Conditional probability drawing two balls from an urn.

1. Sep 13, 2011

Hodgey8806

1. The problem statement, all variables and given/known data
An urn contains four colored balls: two orange and two blue. Two balls are selected at random without replacemen, and you are told that at least one of them is orange. What is the probability that the other ball it orange?

2. Relevant equations
Now, we have been studying P(A|B) meaning the probability of A given the B has already happened.

3. The attempt at a solution
Now, my book ends up with a solution of 1/5. But I have no idea how. I said since you know that one of the balls is definitely orange, then you have 3 balls to choose from. So if I want to do it technically (1C1) / (3C1) = 1/3 (C stands for the combination) . However, it's just a quite logical problem in my opinion.

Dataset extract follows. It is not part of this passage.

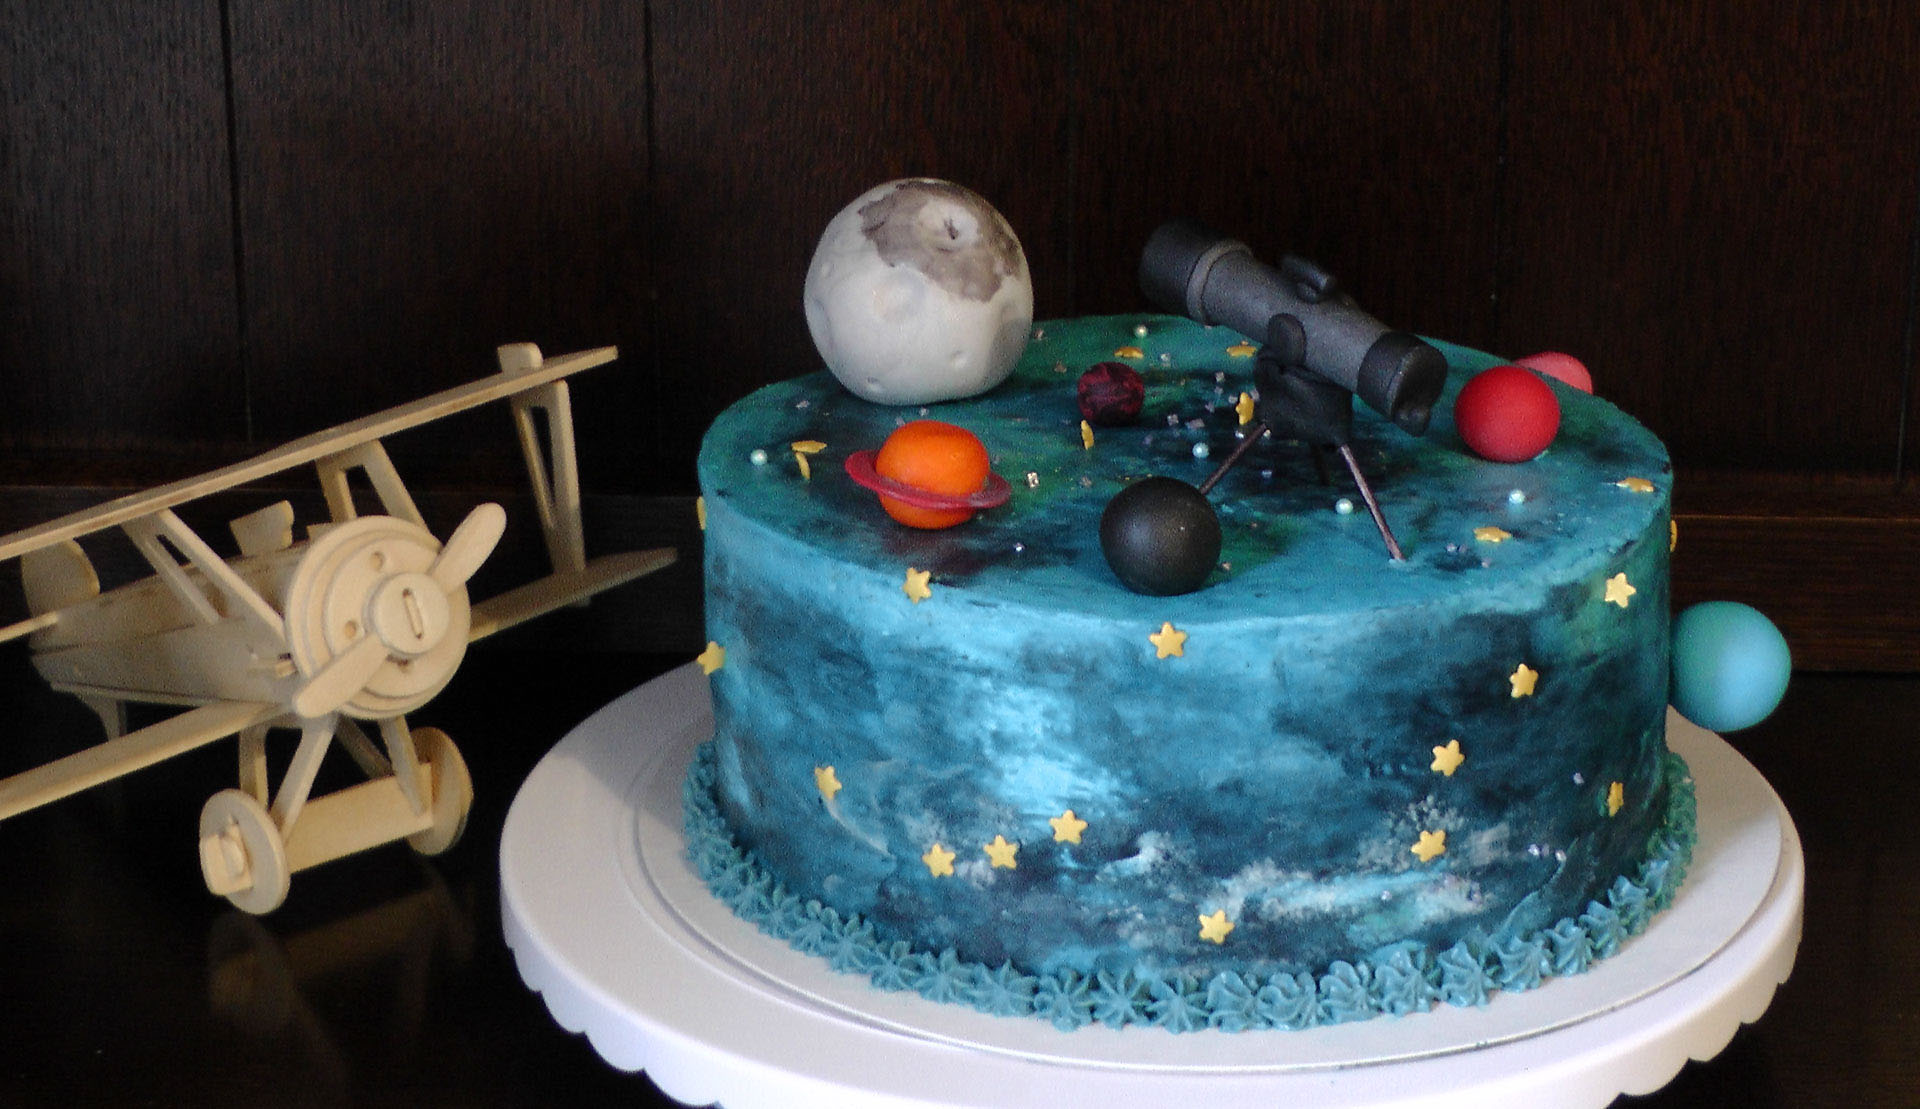 Space lover creative cake idea

So who is correct? Me or the book? Thanks! I would love to know how to get 1/5 if I am wrong.
1. The problem statement, all variables and given/known data

2. Relevant equations

3. The attempt at a solution

2. Sep 13, 2011

Dick

The problem is small enough to just do exhaustively. Suppose the orange balls are o1 and o2 and the blue balls are b1 and b2. There are six possible ways to draw, {o1,o2}, {o1,b1}, {o1,b2}, {o2,b1}, {o2,b2} and {b1,b2}. 4C2. In how many of them is at least one ball orange? In how many of them is the second ball also orange? Now write that in combinatorial notation so you know how to do the same problem with larger numbers.

3. Sep 14, 2011

Hodgey8806

Well I'm an idiot. Lol, I don't know why I didn't think of it in this way. I got the combinatorial notation as (1C1)(2C0)/(5C1)

4. Sep 14, 2011

Dick

That works numerically, but I don't see the logic. Where did 5C1 come from?

5. Sep 14, 2011

Hodgey8806

Well, I just said (5c1) is the ways in which we can choose a set from 5 different sets. Another I have been doing problem is to say that I was say wanting the double orange set on the 2nd try. So I changed the combinatoric formula to [(1C0)(4C1)/(5C1)]*(1/4)

This is read as not choosing the double orange*choosing 1 from the orange-blue combination(remember that we are at the given that there must be at least one orange) divided by the number of combinations possible of choosing 1 from the set of all possibilities. And then I multiply by the probability that the 2nd position get the double orange. This method had been working on a few other problems with that kind of description. It seem to work for me. If I am wrong though, please help me :) Thank you very much for your input!

6. Sep 14, 2011

Dick

There is only one way to choose 2 orange balls, right? That's 2C2. Now how many ways to choose 1 orange ball? It's 2C1*(the number of ways to choose one blue ball), also ok? Can you fill it in from here? You are going to have to ADD the number of ways to pick 2 orange balls to the number of ways to pick 1 orange ball to get the number of ways of picking AT LEAST 1 orange ball.